▶ **The input**:
______________________________

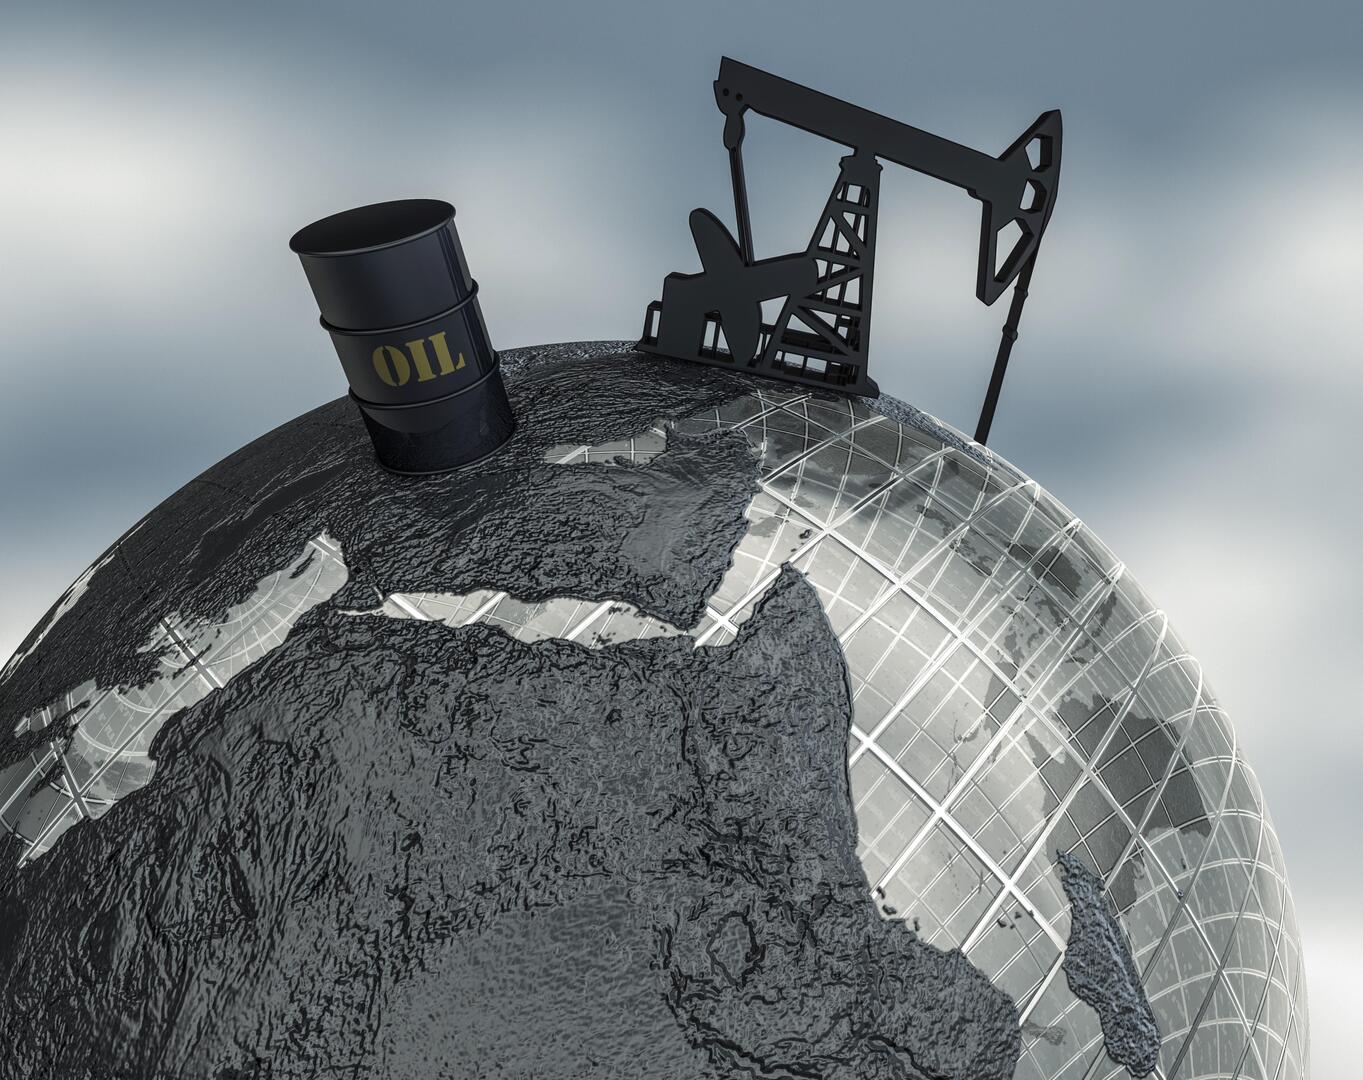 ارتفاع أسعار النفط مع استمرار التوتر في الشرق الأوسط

______________________________

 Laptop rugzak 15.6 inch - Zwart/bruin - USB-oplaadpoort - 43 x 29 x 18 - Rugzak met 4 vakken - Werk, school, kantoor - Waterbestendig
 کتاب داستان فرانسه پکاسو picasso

______________________________

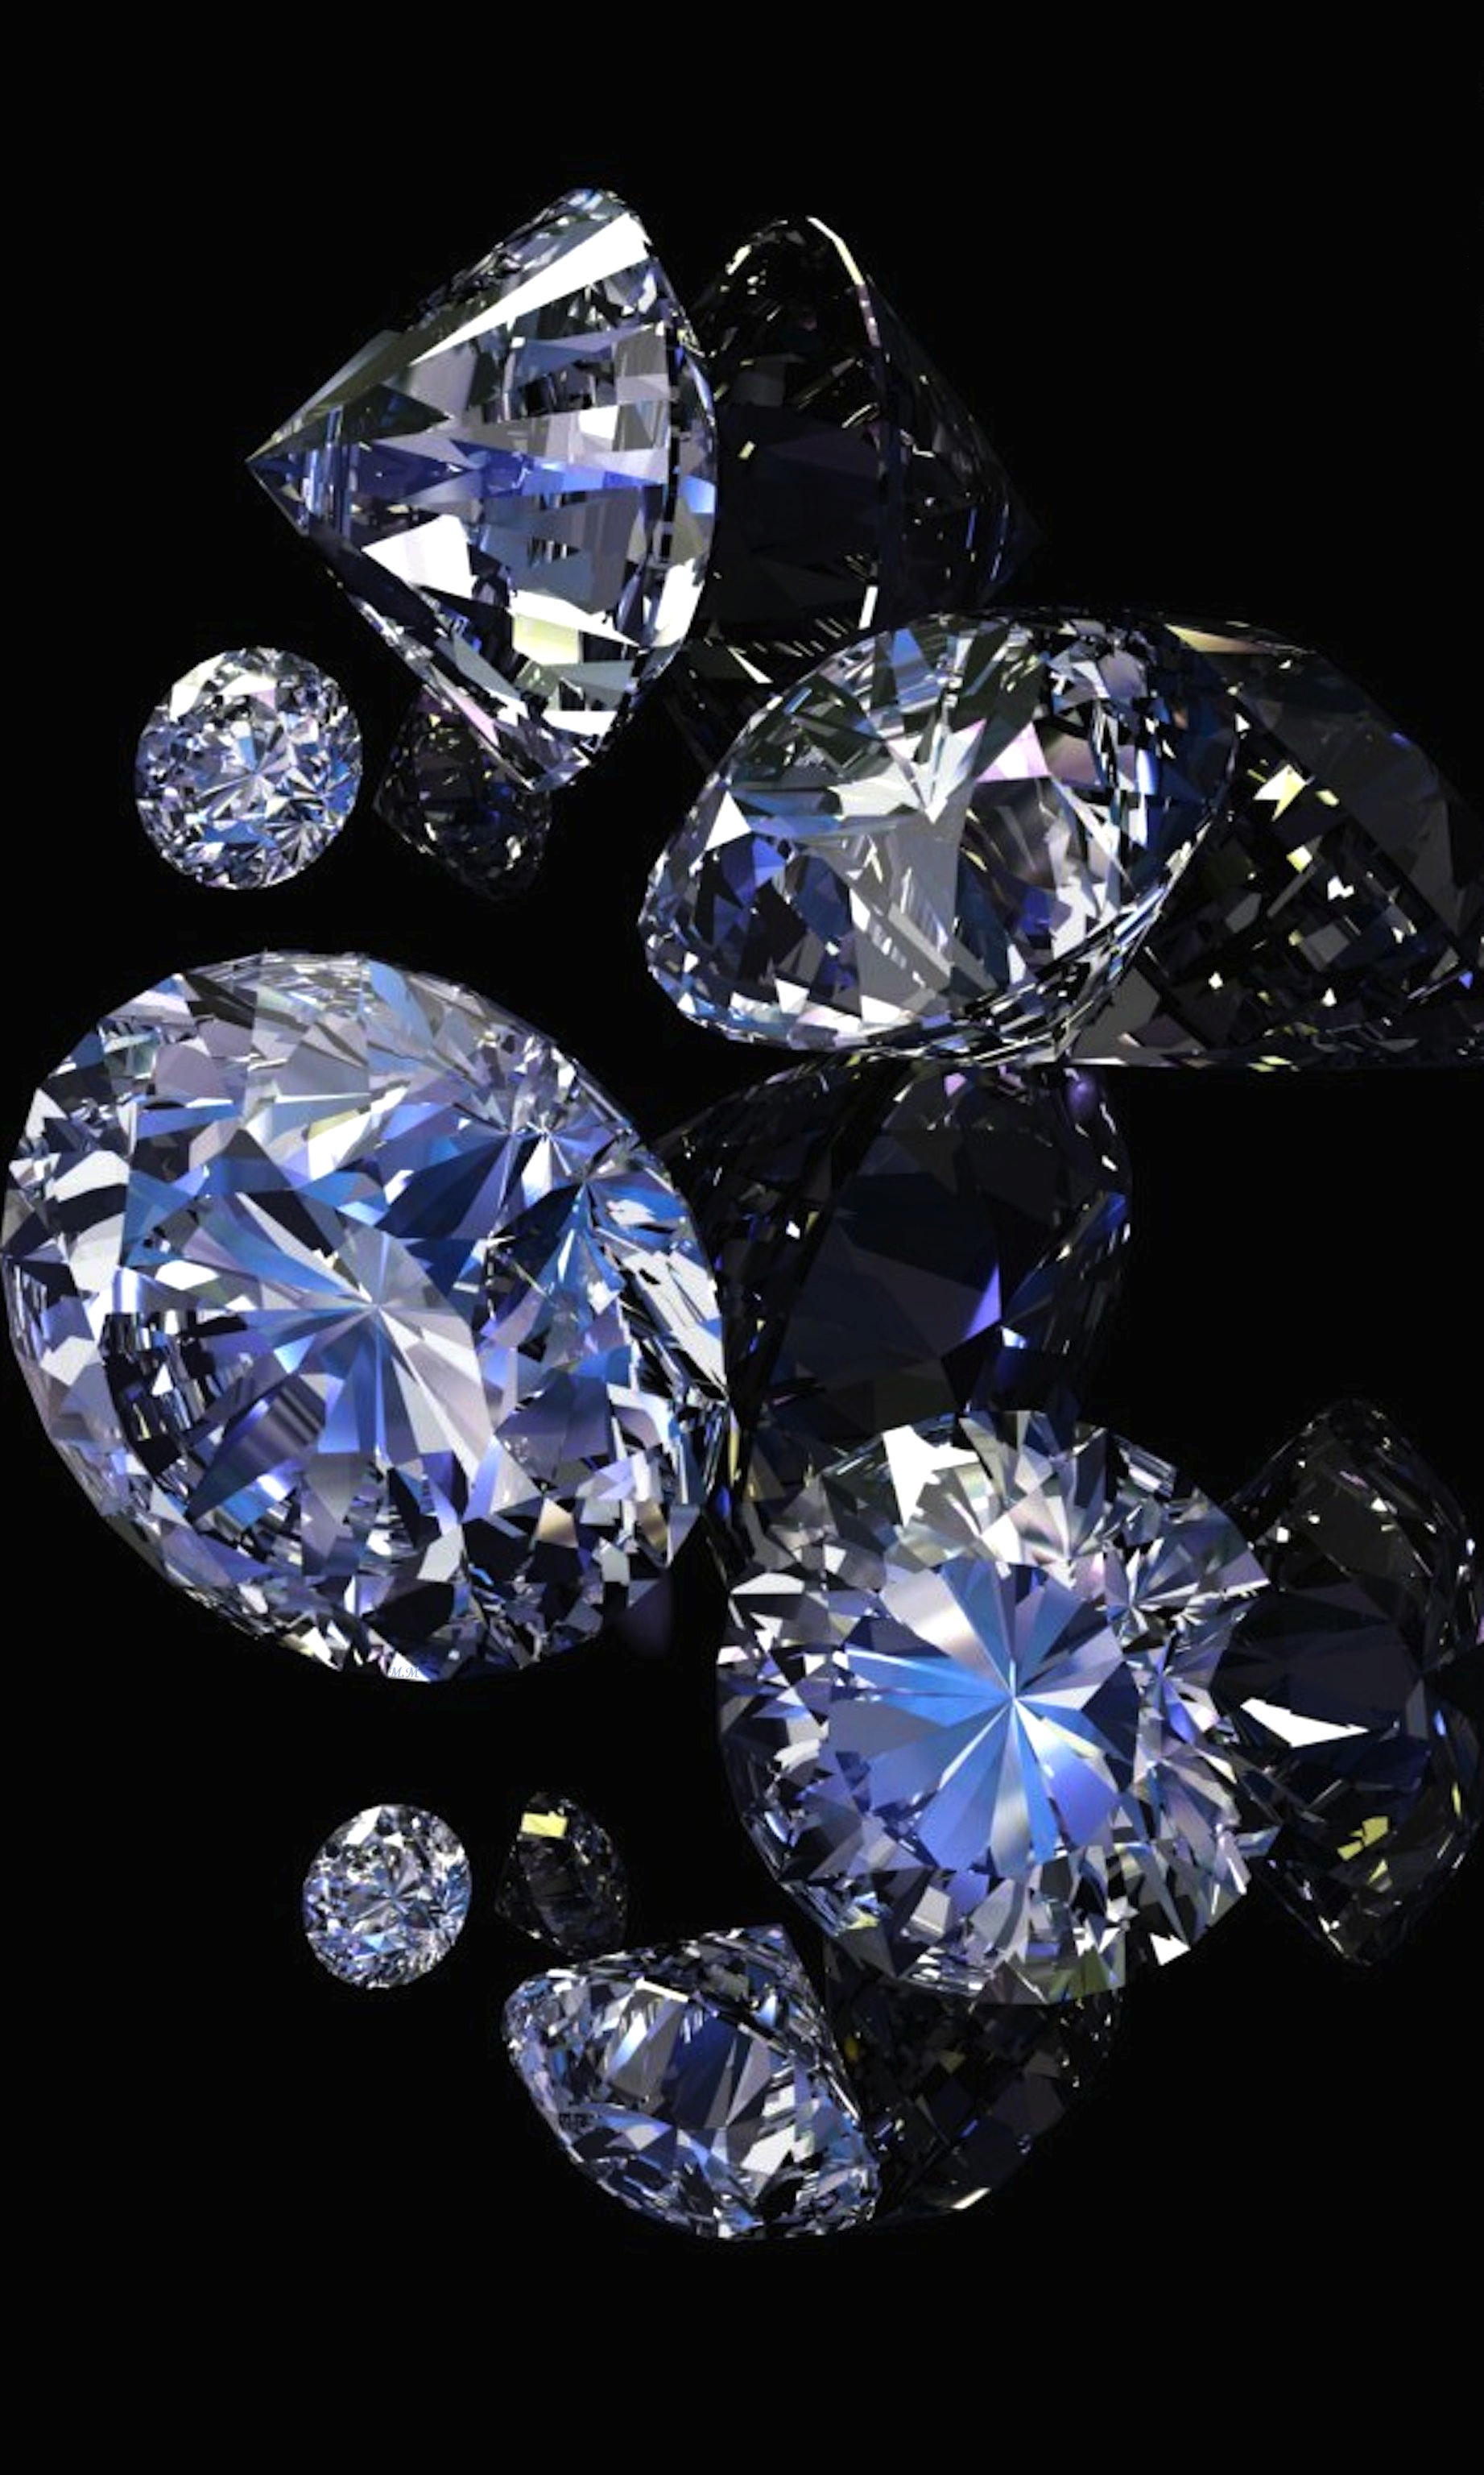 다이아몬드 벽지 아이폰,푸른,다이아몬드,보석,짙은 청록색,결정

______________________________

▶ **Your instructions**:
Every line from the line containing "Laptop rugzak 15.6" through the line containing "کتاب داستان فرانسه پکاسو picasso" in the records above must be retyped exactly. Leave out the rest.

▶ **Solution to this exercise**:
 Laptop rugzak 15.6 inch - Zwart/bruin - USB-oplaadpoort - 43 x 29 x 18 - Rugzak met 4 vakken - Werk, school, kantoor - Waterbestendig
 کتاب داستان فرانسه پکاسو picasso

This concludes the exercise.